25 Eylül 2011 Pazar

Ayrılık sonrası



Sahildeki küçük , durağan kasaban senin olsun. Kırık pişmanlıklarım ve çaresizliğimse benim.. Küçük bahçen, zeytin ağaçların, ellerimle diktiğim yabani sıklamenler senin olsun. Ben anılara bile dayanamıyorum, gerçeği sende kalsın. Sabahları tırmandığımız dağ yolu da senin olsun ya da her sabah yürüdüğümüz sahil yolu ve sonunda ulaştığımız çok sevdiğin sıcak ekmeklerle dolu fırın.. Hepsi senin olsun. Bir poğaça da benim için al ve bekleşen aç kedilerle paylaş birazcık hatırım kaldıysa.. Demli çaylar içtiğimiz sahil kahveleri, denizin yanıbaşında kızarmış balık yediğimiz mütevazı otel lokantası..... Hepsi, hepsi senin olsun..Senin olsun; ben kırılmışlığımla, yalnızlığımla başetmeye çalışırken bunları düşünmek istemiyorum. Belleğimde kalan o görüntüler, o film kareleri sadece acı veriyor ve yaralarımı sağaltmıyor. Sen madem dayanabiliyorsun bensiz o ortamlarda yaşamağa, yaşa gönlünce..

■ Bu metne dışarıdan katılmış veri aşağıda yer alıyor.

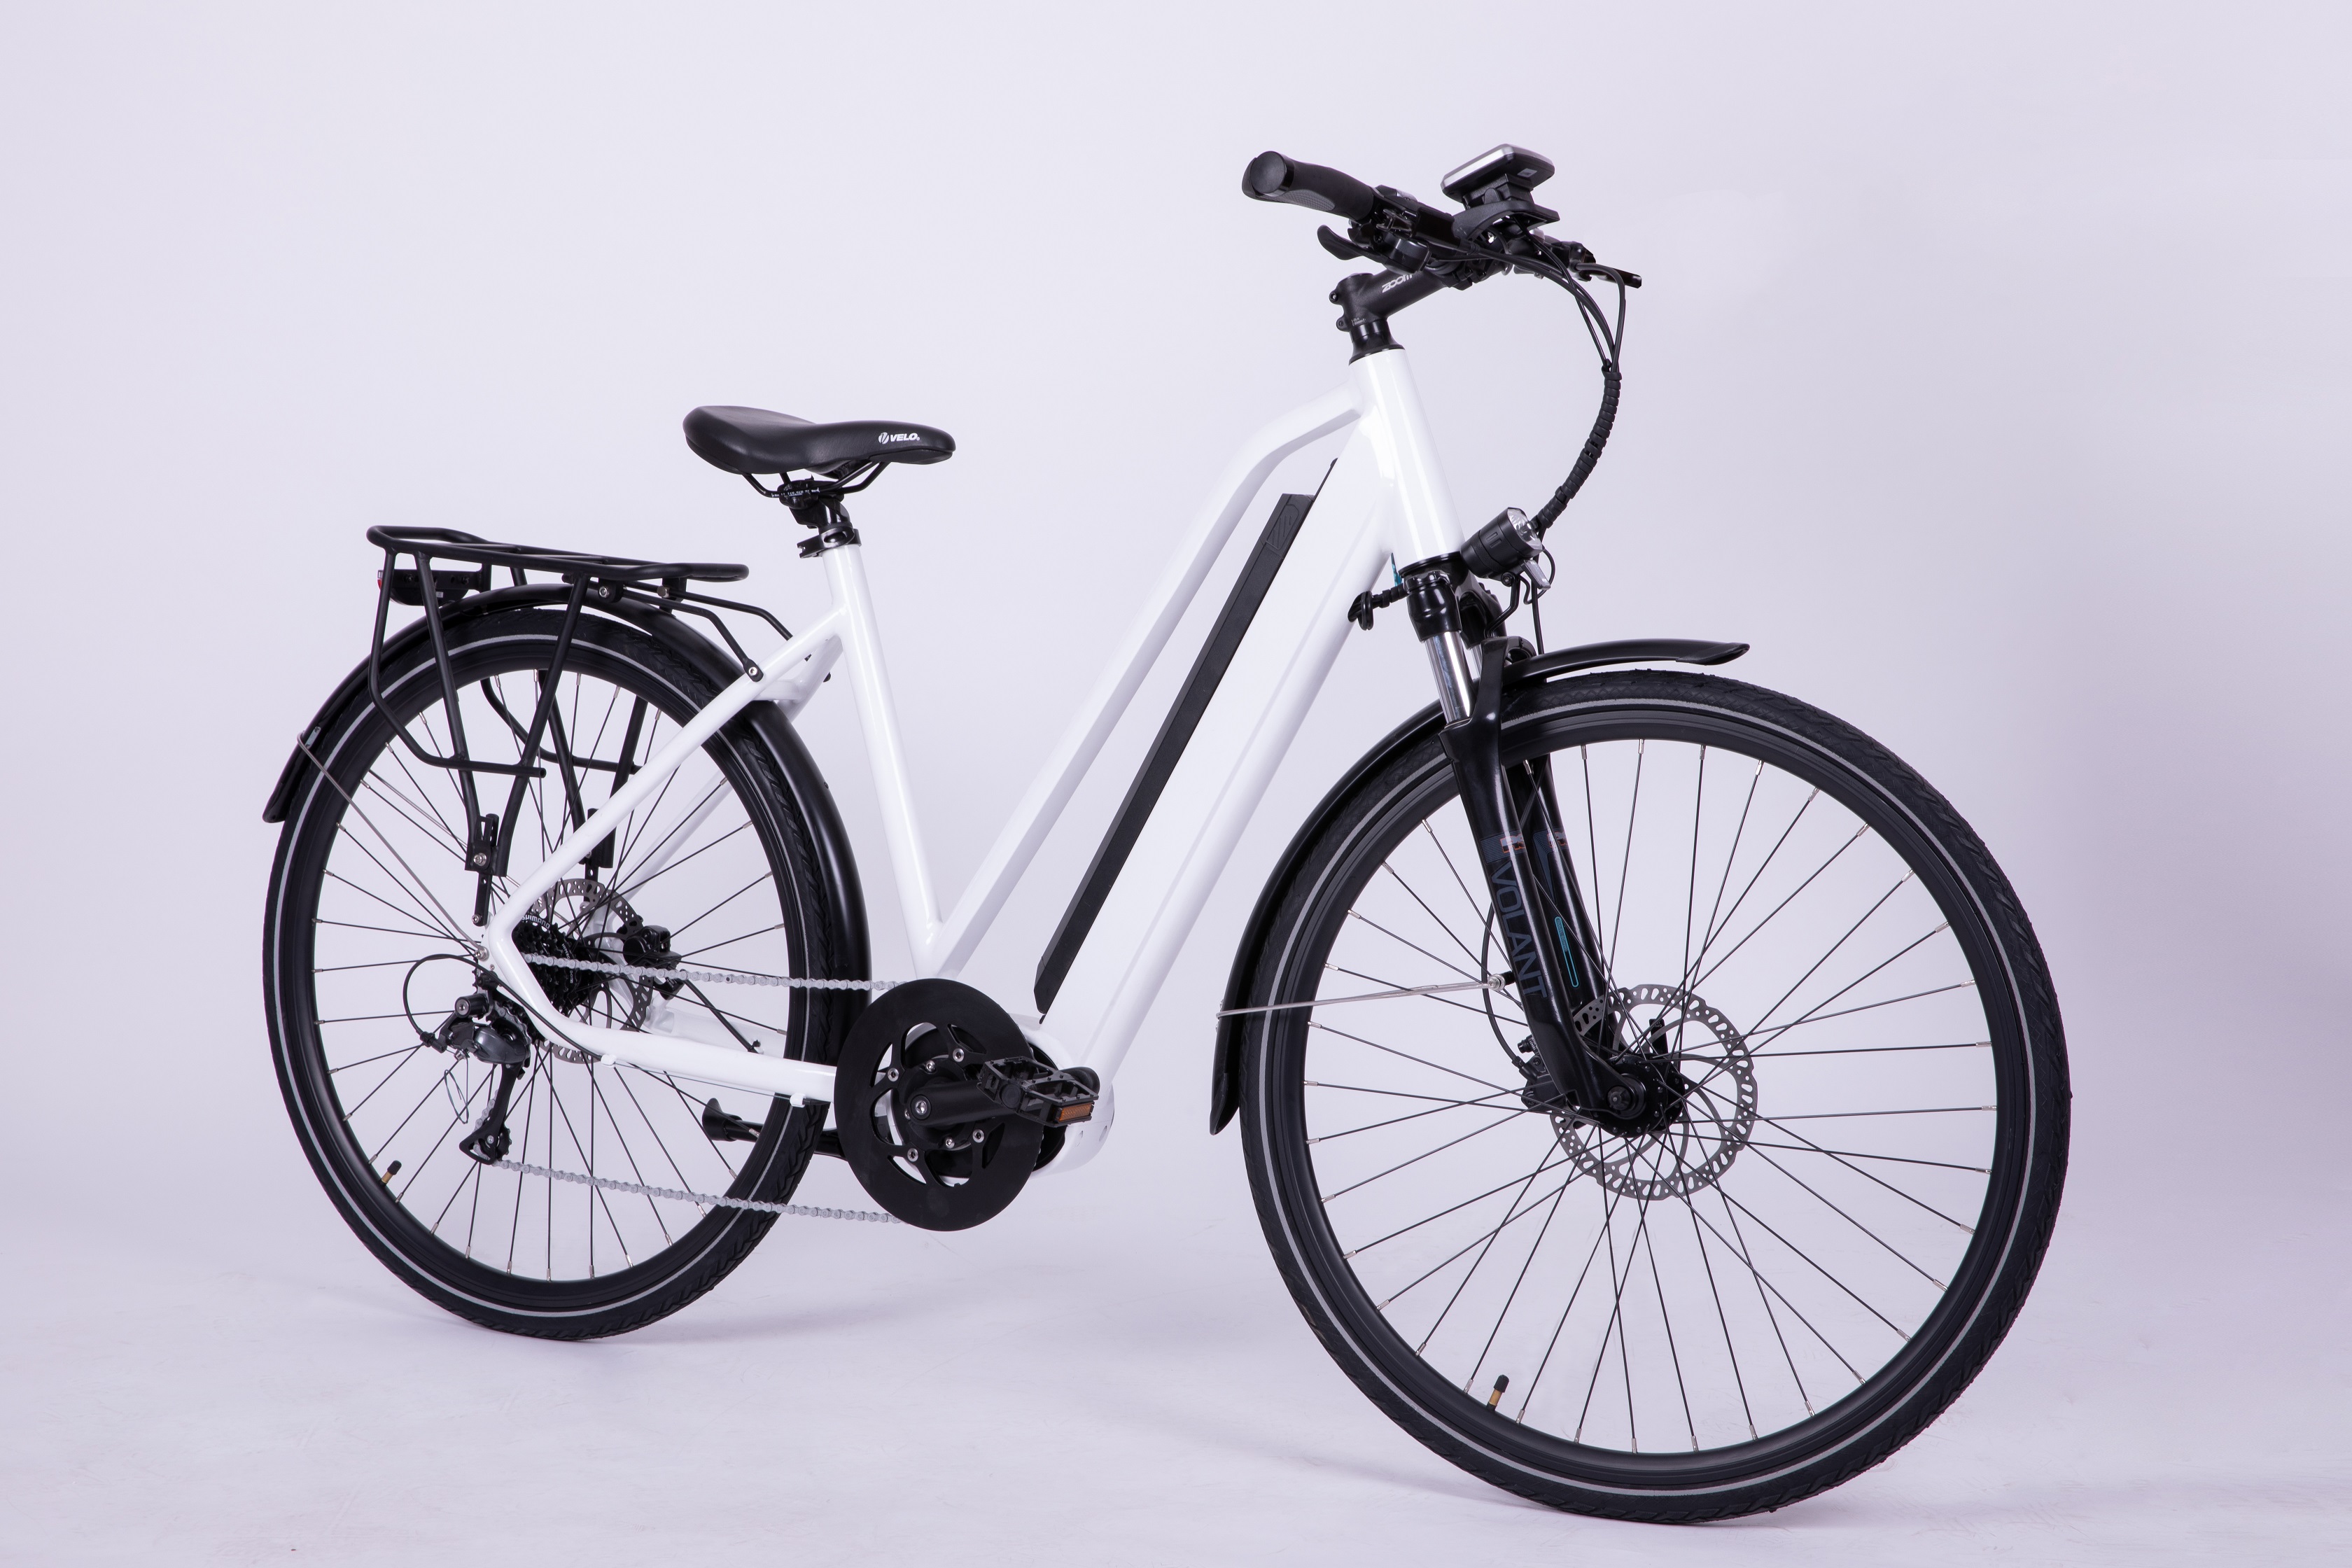 Mid-drive Electric Bike customized  geometry and color available-Juliet
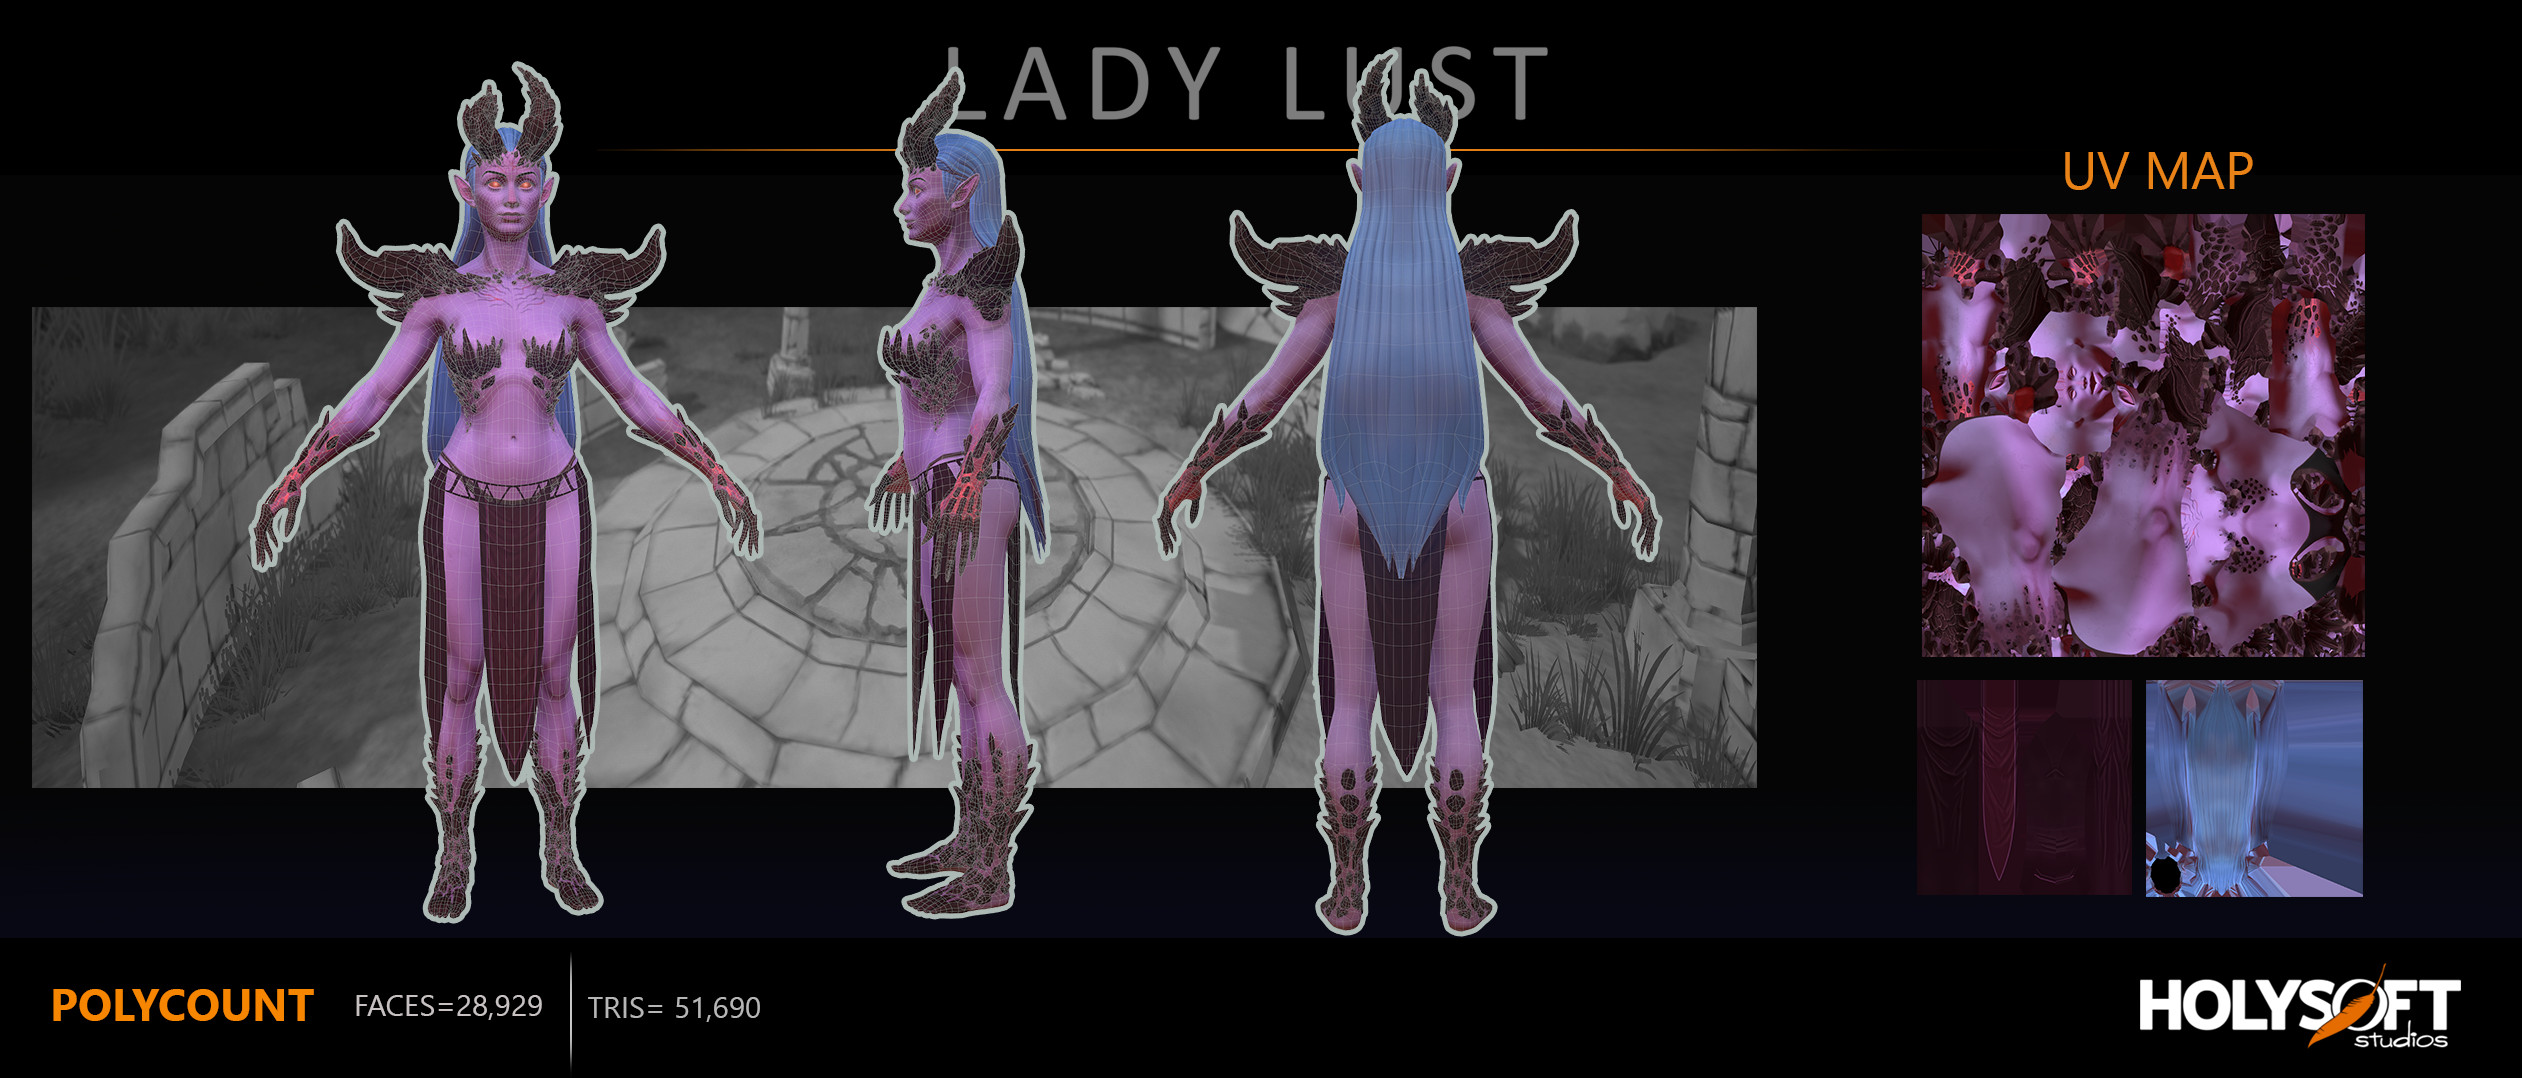 LADY LUST POLYCOUNT

Büyülenerek etrafı seyrettiğimiz Zeus Sunağı'nda geçen anlarımızı anımsıyor musun? Zeus tanığım olsun sevdim seni. Hesapsız kitapsız ve kendim gibi bilerek.. Aklımın ucundan bile geçmedi başka türlüsü. Yanımdayken mutluydun, huzurluydun.. Yüzüme bakınca yüzün aydınlanırdı. Sen nasıl altı yıldır dünyamı aydınlatan ışığım oldunsa, ben de senin için öyleyim sanıyordum. Çünkü bunu yalnız sözlerinle değil, yüzünün her çizgisi ile, her davranışınla söylüyordun. Bu kadar çok sevilmeyi hak edecek ne yaptığımı sorduğum zaman, gülümsüyordun . ''Ben'' olmamın yeterli olduğunu söylüyordun. ''Karım, Karıcığım'' derken yüzünde güller açıyordu.

Peki ne oldu? Yanında ol(a)madığım zamanlarda ne oldu da bitti bu rüya? Rüya diyorum, çünkü bugün bambaşka bir durumdayım.. ''Asla ayrılamayız'' derken, bir daha hiç karşılaşmayacağımız gerçeği ile yaşamak zorundayım. Tabii ki buna yaşamak denirse.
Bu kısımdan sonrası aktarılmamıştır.